You can read the book, but the work lies in the self-hypnosis. There are twenty-four recorded, hypnotic inductions that lead you to experience a deeper connection with your body and with other awareness. The audio files are located on the internet, and you should download and listen to them repeatedly.
Through repetition, these inductions work to reconnect you to the energy flows in your body. You experience these as thoughts, images, memories, frequencies, awareness, perceptions, and sensations. You may experience energies as dreams or in dreams. You are looking for a new experience of yourself.
The premise that underlies all of this work is that when you increase your awareness, you also increase your control. That control may not be entirely intentionally; it may be quite unconscious but aware at some level, nonetheless.
What goes on in your body is almost 100% unconscious to the point where you may wonder whether being awake and aware offers any benefit at all. But it does, and it must. It’s not enough to establish good habits of hygiene and exercise, you must build an internal awareness of what your body needs—you need to learn to hear your body.

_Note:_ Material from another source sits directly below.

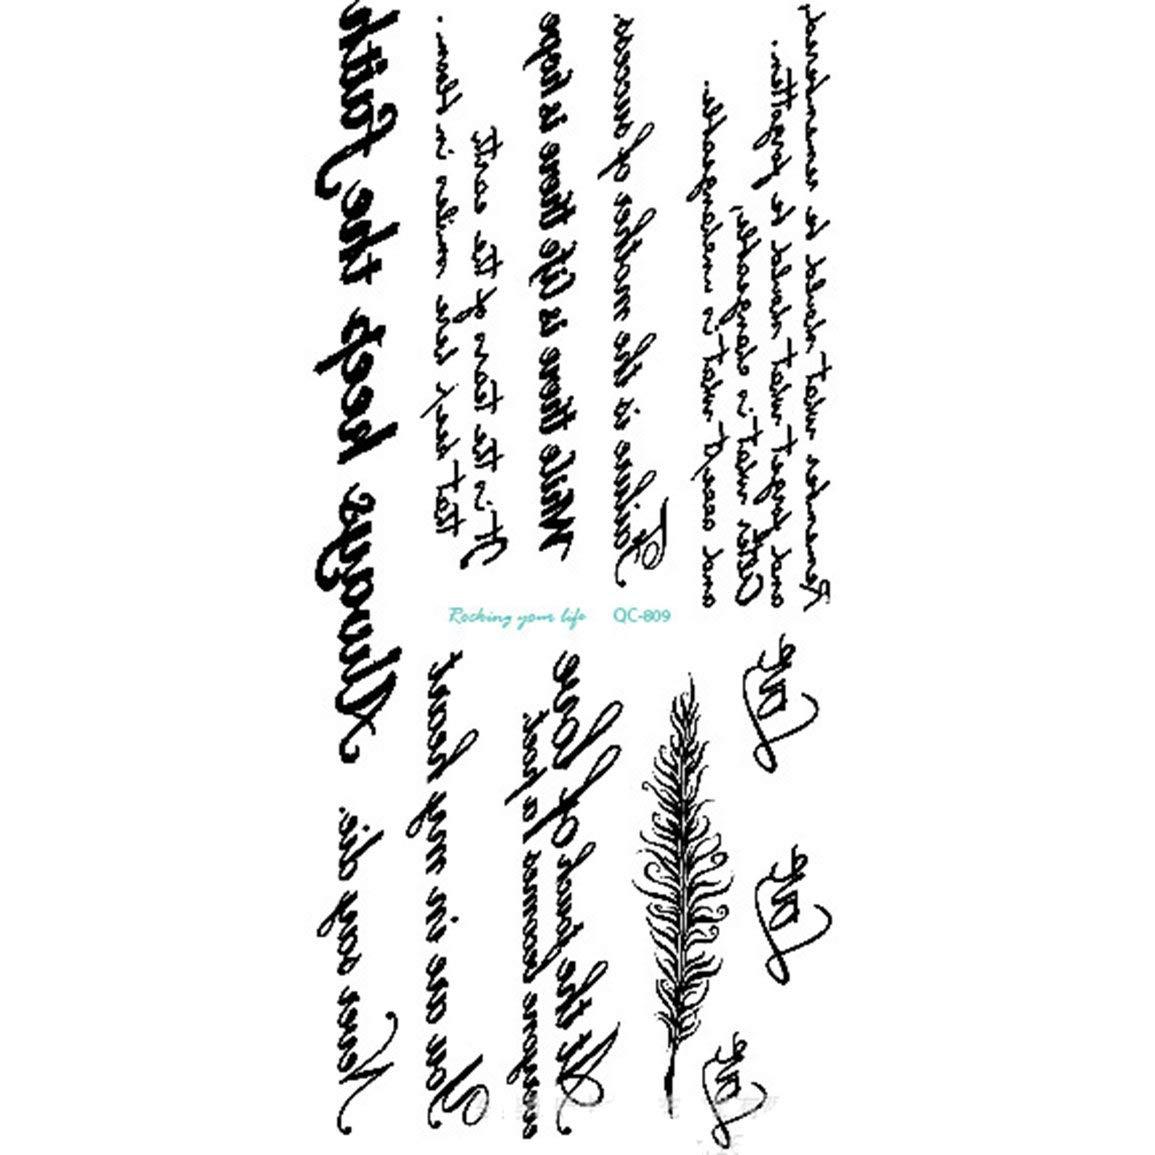 fghfhfgjdfj Letra Inglesa Impermeable Etiqueta engomada del Tatuaje Etiqueta engomada Impermeable del Tatuaje de la Personalidad 3D Personalidad Tatuaje Temporal de la Moda

The Path To Sleep offers a suggestion. It suggests that you can play a role in your body’s health and wellbeing if you learn to listen to your body at a deeper level. This means much more than just avoiding pain, illness, and poor function. It means learning to use your imagination as an organ of perception, and to use your mind as a tool for physical control.
But even more than that, it suggests that what’s really controlling your health and wellbeing is your spirit, and you should return control of your life to your spirit. What this means will be different for everyone, and that’s fine. There need be no spiritual prescription or dogma. This isn’t Spirit with a capital “S,” it’s just spirit as the energy that animates you. It’s that energy that must have control for you to sleep. First you respect it, then you hear it, and, finally, you follow it.